Planowaliśmy jedynie przejść się wokół budynków kampusu przy Infinity Loop i zajrzeć do sklepu z pamiątkami. Wszystko potoczyło się inaczej, głównie za sprawą przypadku. Jeden z pracowników Apple zwrócił na nas uwagę, kiedy robiliśmy sobie zdjęcia przed głównym wejściem. Zapytał skąd jesteśmy, a będąc pod wrażeniem, że przebyliśmy taki szmat drogi, zaoferował nam zwiedzanie kampusu.
Każdy z nas otrzymał odpowiedni identyfikator w formie nalepki na ubranie i ruszyliśmy przez lobby budynku przy Infinity Loop 1, na dziedziniec. Ten sam, na którym odbywała się m.in. impreza ku pamięci Steve'a Jobsa, którą z wielu z Was z pewnością oglądało.
Zajrzeliśmy właściwie do wszystkich budynków w głównym kampusie, w tym do korporacyjnej kafeterii - Cafe Macs, w której faktycznie jabłka można dostać za darmo. Oczywiście do wielu miejsc nie mieliśmy dostępu. Mogliśmy jedynie stanąć pod szczelnie zasłoniętymi oknami pracowni Jonathana Ive'a. Zobaczyliśmy jednak wiele, niestety o większości z tych rzeczy mówić nie możemy. Wspomnę może jedynie magazyn starych urządzeń, gdzie zobaczyliśmy m.in. kamerę QuickTake, czy punkt serwisowy służbowych Macintoshy, iPadów i iPhone'ów.

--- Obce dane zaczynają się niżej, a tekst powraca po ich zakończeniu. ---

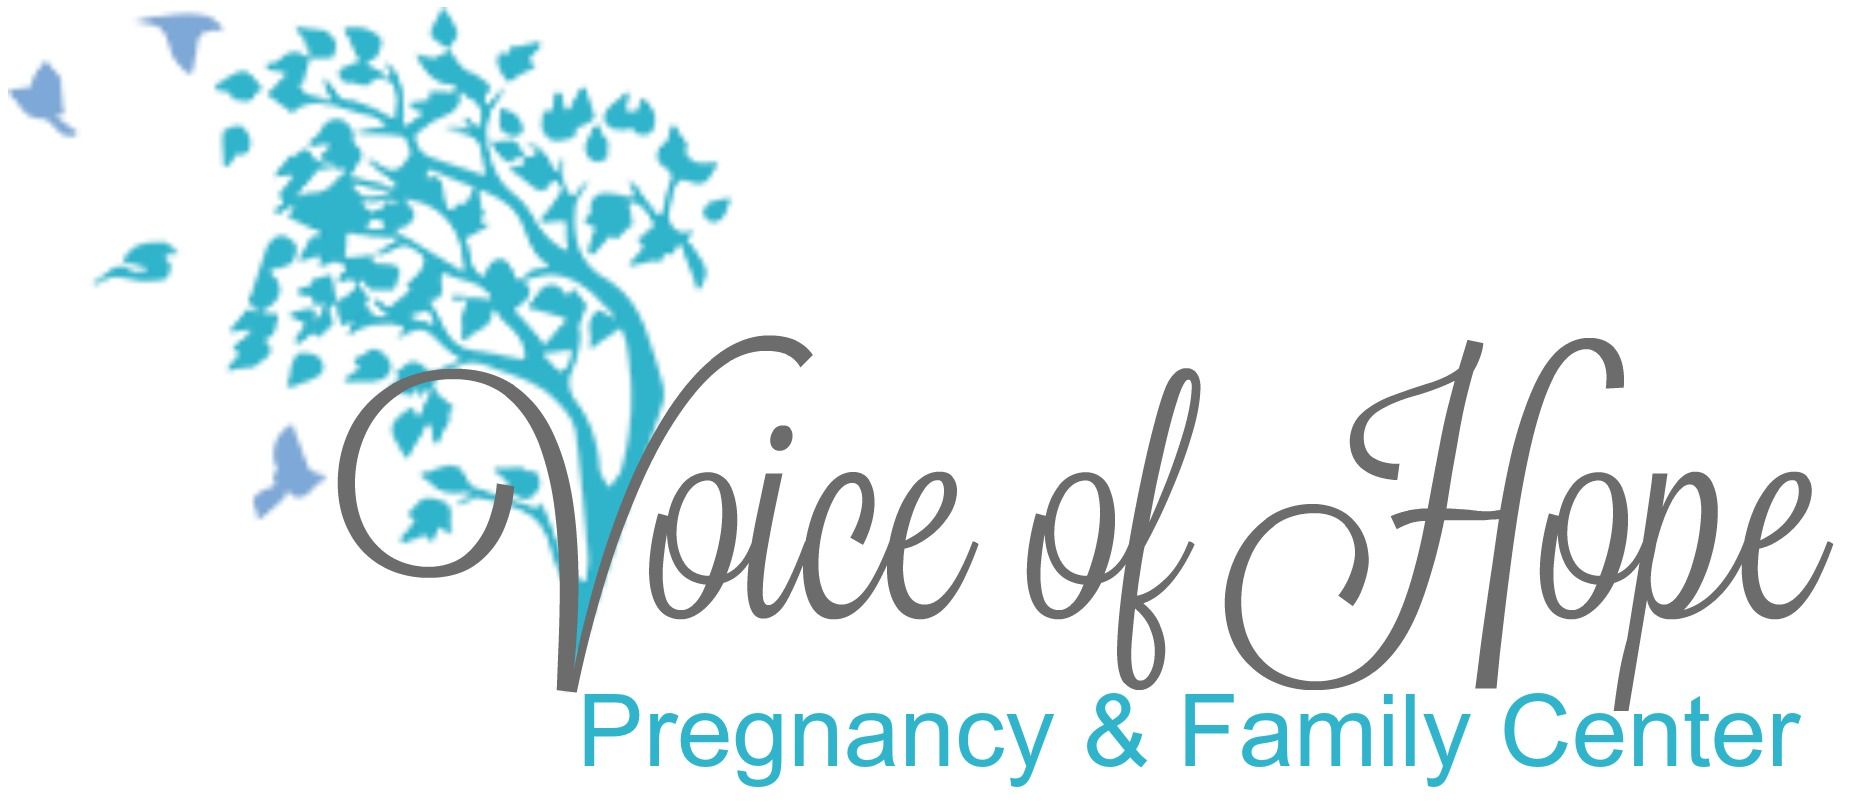 Voice of Hope logo

Na mnie największe wrażenie zrobiły wiszące tu i ówdzie wielkie zdjęcia Steve'a czy tablice z jego złotymi myślami.
Na zakończenie pozostały nam odwiedziny w sklepie z pamiątkami, w którym można m.in. kupić ubrania z oficjalnym znakiem Apple. W tym koszulki z tekstem "Siri, przypomnij mi bym wyprał tę koszulkę".
To był intensywny dzień. Jutro nadajemy już z Moscone Center.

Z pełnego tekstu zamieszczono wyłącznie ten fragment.